A Left Coast
Tyler Duncan (baritone)
Erika Switzer (piano)
rec. 2022, Roy Barnett Recital Hall, UBC School of Music, Vancouver, Canada
Sung texts enclosed.
Reviewed as download from press preview
Bridge 9574 [65] 

I took much pleasure in a previous recording by the partnership of Tyler Duncan and Erika Switzer, English Songs à la française (Bridge 9537), on which the programme was made up of English-language songs (there are texts by, amongst others, Joyce, Tennyson, Shelley and Tagore) set by composers such as Hahn, Milhaud, Poulenc, Ravel and Gounod. While the repertoire on the present disc is not of quite the same stature, it is consistently interesting, and Duncan and Switzer continue to make a very favourable impression.

Here, the unifying factor is that all the composers are, like the two performers, connected with British Columbia. The first sentence of the joint note signed ‘Erika and Tyler’, which opens the CD Booklet reads thus: “A Left Coast is our heartfelt playlist for the place we will always call home”. In a YouTube trailer for the album, the artists tell us that almost all of the composers are or were their friends or acquaintances. It would be wrong, though, to think of this album as representing a ‘school’ of composers from this Canadian Province, given both the stylistic variety on show and the fact that there is a gap of almost 80 years between the earliest (Jean Coulthard born in 1908) and latest-born (Iman Habib born in 1985) of the composers whose music is represented here.

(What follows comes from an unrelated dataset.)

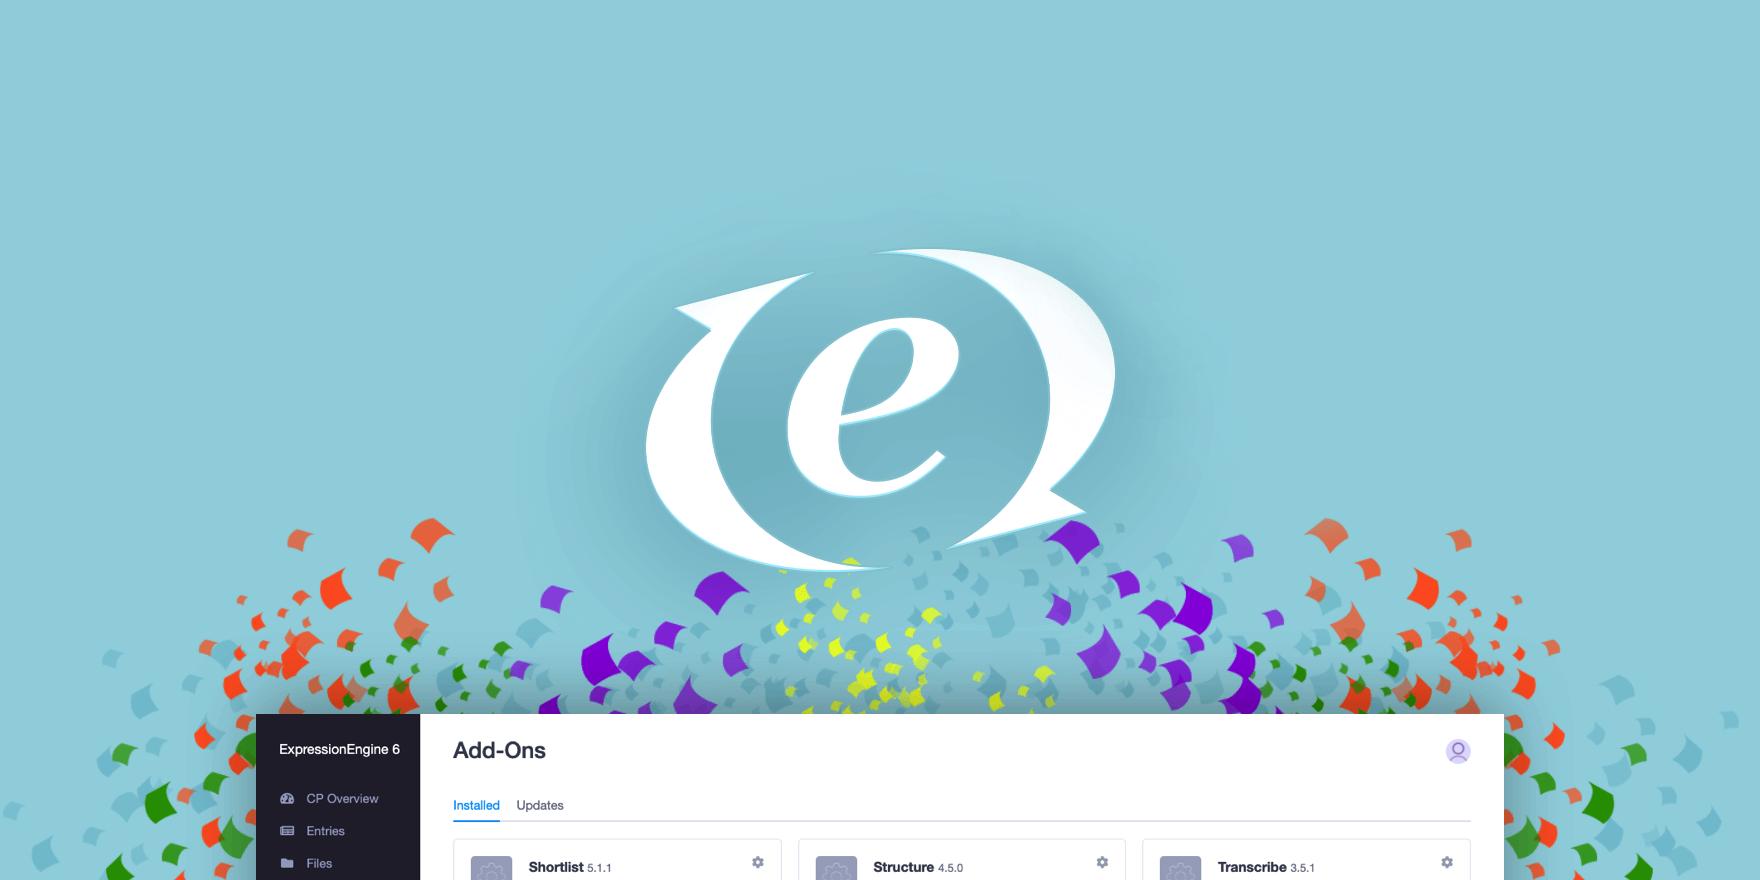 ee6-updates2

Duncan’s voice is capable both of power and subtlety, with a consistent smoothness of sound throughout, often at its most beautiful when pianissimo. His diction is excellent throughout and he has a real understanding of/feel for poetry; I imagine that he is a good ‘reader’ of poetry, not just a particularly fine singer of it, since his understanding of the way poetry works is very clear. The occasional moments of vibrato in his singing might trouble some listeners, but I found it altogether acceptable. His partnership with pianist Erika Switzer sounds both well-rehearsed and instinctive. It seems inadequate to say that she is Duncan’s ‘accompanist’. This is a case where it is more fitting to call the two of them collaborators. They describe themselves (in their booklet note) as “life and musical partners” and in their work I hear a musical expression of what Shakespeare called (in Sonner 116) “the marriage of true minds”.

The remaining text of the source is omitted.